Medium-Impact Optimizations#

Larger Read Buffers
- Increases from 16MB to 64-128MB
- Reduces number of S3 requests
Pre-stage Data
- Uploads data to S3 before benchmarking
- Measures pure indexing performance
Multiple Parquet Files
- Splits 10M vectors into multiple files
- Enables parallel file processing

Expected Performance with Optimizations#

Optimization Level	Expected Throughput	Estimated Time (10M)
Current	23,845 vec/s	6.98 minutes

2. Video Ingestion Performance#

Overview#

Video ingestion benchmarks measure the end-to-end performance of processing video files, generating embeddings using Cosmos Embed1 NIM, and storing them in Milvus. This represents the real-world use case of ingesting video datasets.

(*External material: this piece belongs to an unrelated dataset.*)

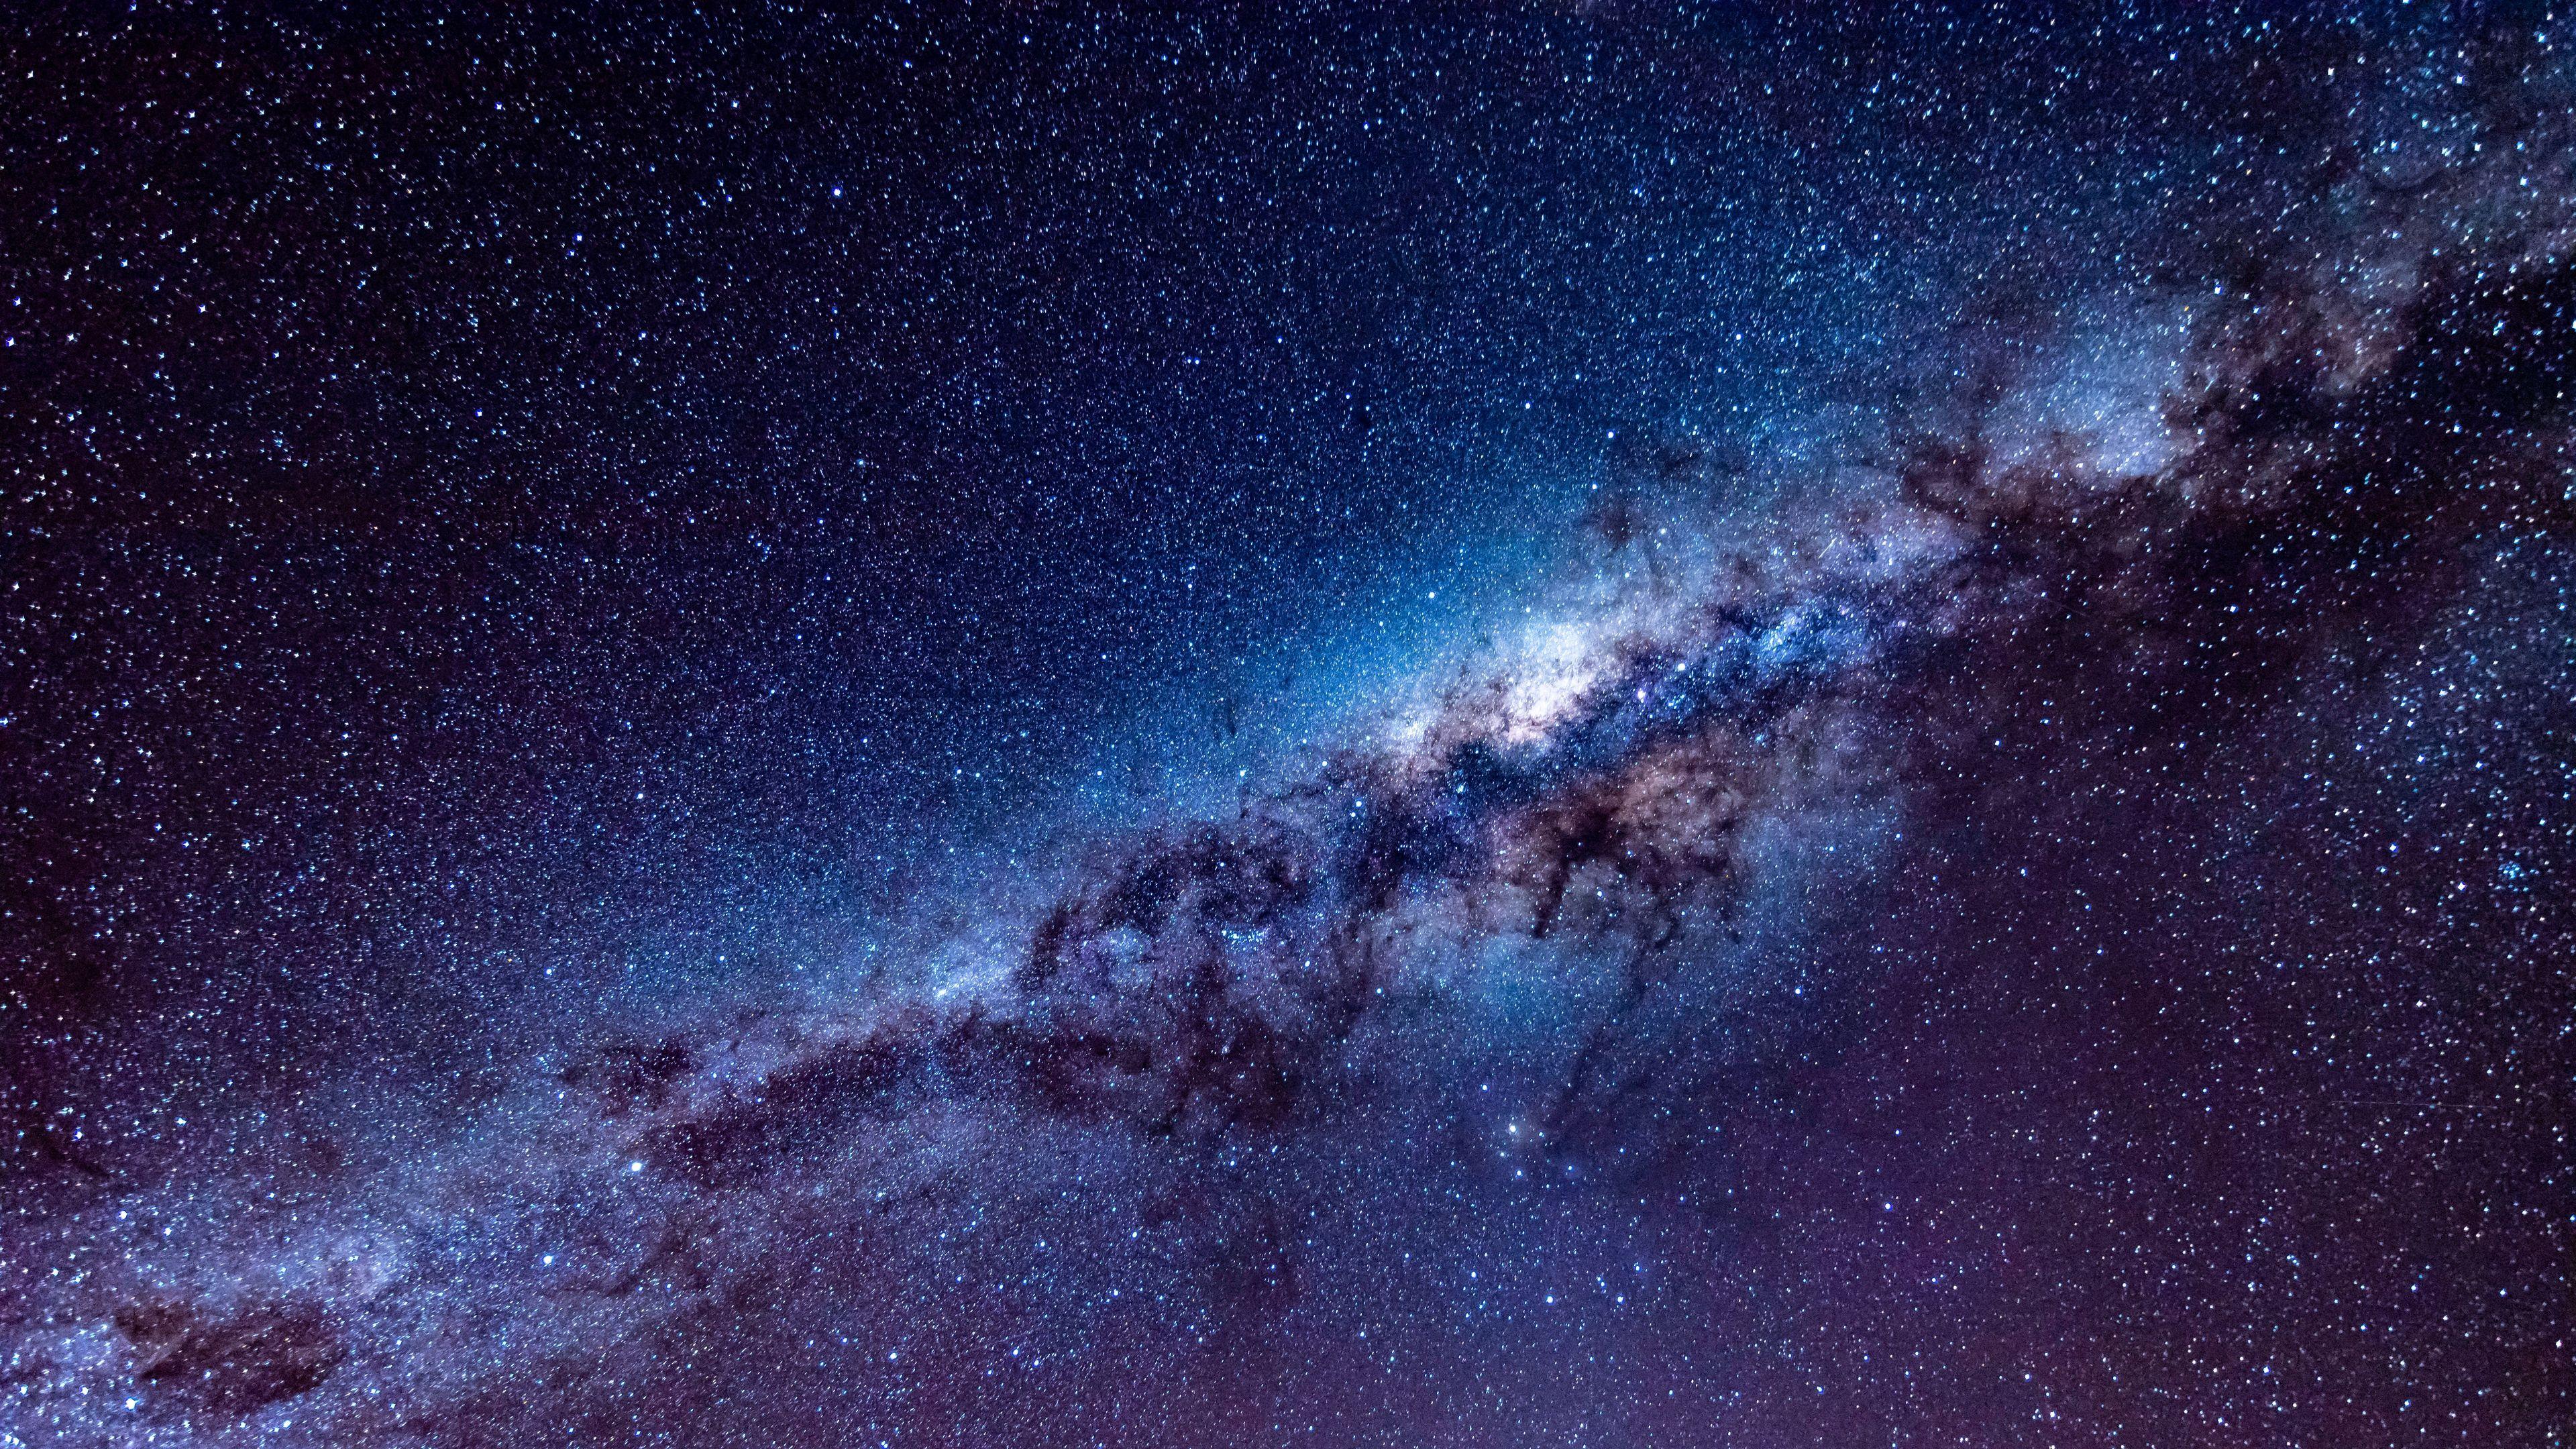 Milky Way Starry Sky 4k Wallpaper Galaxy Pictures Galaxy Wallpaper Milky Way Wallpaper milky way starry night nebula

How to Run Video Ingestion Benchmarks#

Step 1: Download Video Dataset#

Download the MSR-VTT test dataset, which contains 1000 videos:

# Download using prepared configuration
make prepare-dataset CONFIG=scripts/msrvtt_test_1000.yaml

# Videos will be downloaded to: ~/datasets/msrvtt/videos/

Step 2: Host Videos via HTTP#

Start a local HTTP server to serve the video files:

# Host videos on local network interface
python3 scripts/evals/video_ingestion_performance/http_file_host.py \
  --url-host-mode interface \
  --interface enp2s0f0np0 \
  --root ~/datasets/msrvtt/videos \
  --port 8234 \
  --csv-path hosted_files.csv

This will perform the following steps:

Start an HTTP server on port 8234.
Generate a CSV file (hosted_files.csv) with video URLs.
Output the base URL (e.g. http://10.63.179.185:8234).

Parameters:

--url-host-mode: The method for determining the host URL (interface, localhost, or ip)
--interface: The network interface name (e.g., enp2s0f0np0)
--root: The root directory containing videos
--port: The HTTP server port
--csv-path: The output CSV file with video URLs

Step 3: Create Collection#

Create a new collection for video ingestion:

cds collections create \
  --pipeline cosmos_video_search_milvus \
  --name "MSR-VTT Performance Test"

Note the returned collection_id value for the next step.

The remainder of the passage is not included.